Do mesmo modo que as línguas têm seus dialetos, suas gírias, com certeza a Era Cibernética, um dia, terá uma linguagem, não propriamente uma língua, e claro, que não será entendida por todos. E por isso mesmo apenas para os privilegiados, numa espécie de "Admirável Mundo Novo", da fantasia de Aldous Huxley.

E de repente um apaixonado dirá para a amada, em caso de rejeição: "No primeiro byte do nosso olhar logo percebi que no background dos teus olhos havia um azul-personalizado, propício para o amor. Um discreto e-mail que te enviei, sem resposta, mostrou-me logo que eu não estava configurado para tal azul. Na caixa de e-mail, vazia, queimei as retinas pelo branco do fósforo que o monitor irradiava. Depois, ainda te escrevi e te enviei uma última mensagem:" A tua configuração de menina-moça-mulher permanecerá em minha memória, em meu coração-arquivo, para todos os tempos, imune a todos os virus, tais os cuidados anti-viróticos de que te cerquei. E teu nome gritarei não mais em bytes, mas em megabytes para que transponha os infinitos e seja ouvido por lá. E tua imagem ficará guardada nas altas resoluções bmp, para todos os tempos.

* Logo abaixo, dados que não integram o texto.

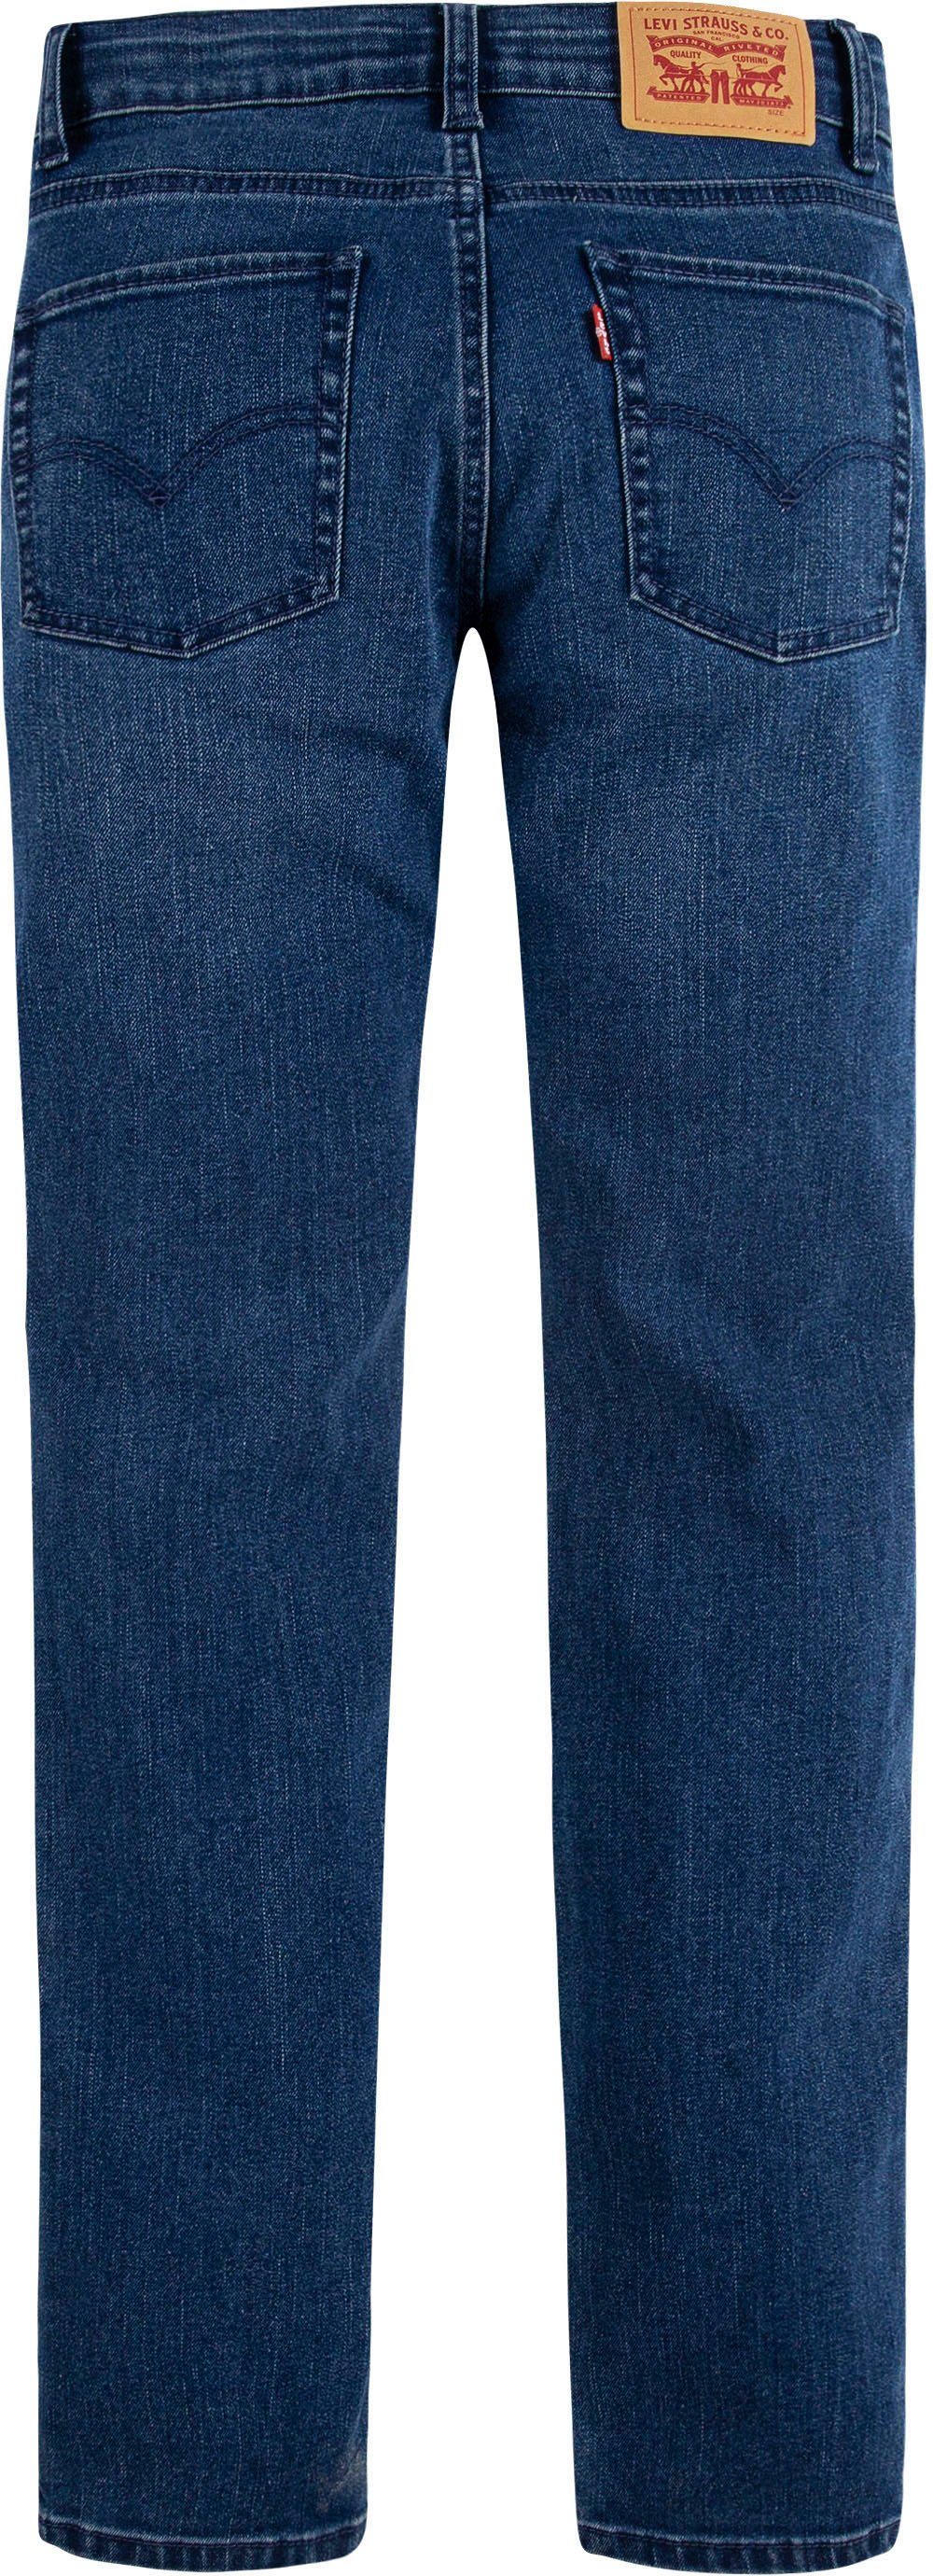 blue Skinny-fit-Jeans BOYS FIT Kids heavy used Levi's® 510 for JEANS SKINNY

Para um apaixonado que encontrou reciprocidade será muito simples: "Byte a byte inserimos em nossas almas e em nossos corações todos os códigos e programas do amor. Nossos backgrounds, dos nossos olhos de azuis-personalizados nos aguardavam desde que ligamos nossas vidas por um simples byte

Um velho dirá para a sua velha: " Nossos discos rígidos, de outrora, estão a precisar de uma reformatação analógica, simulacro do que um dia foi virgem, límpido e altamente sensível a registrar todos os impulsos sob forma de ordens e mensagens porque, meu amor, do contrário, adiantará muito pouco gritarem os nossos sentimentos através das nossas placas-mães, e não serem devidamente registrados e, pior, ficarem sem respostas. Resta-nos, portanto, meu amor, e enquanto é possível reformatarmos a existência enquanto durem nossos impulsos, enquanto a morte não nos delete. E seremos felizes, talvez já não mais em txt, em word , em normal dot , mas quem sabe, até mesmo em html, andando, voando pelos espaços siderais tais internautas desvairados.

E como o século está findando e pode ser que ocorra o tal bug do milênio, comprometendo gravemente a Era Cibernética , e também porque é Natal e um Ano Novo se anuncia, seria melhor mesmo que as pessoas apenas falassem umas para as outras a mais antiga e mais simples das línguas, numa linguagem elementar mas suave, quando diante do amor, todas a s formas de amor: "- Amo-te desvairadamente importando muito pouco os bytes, os azuis-personalizados e despreocupado com o que me responderás. Feliz Natal!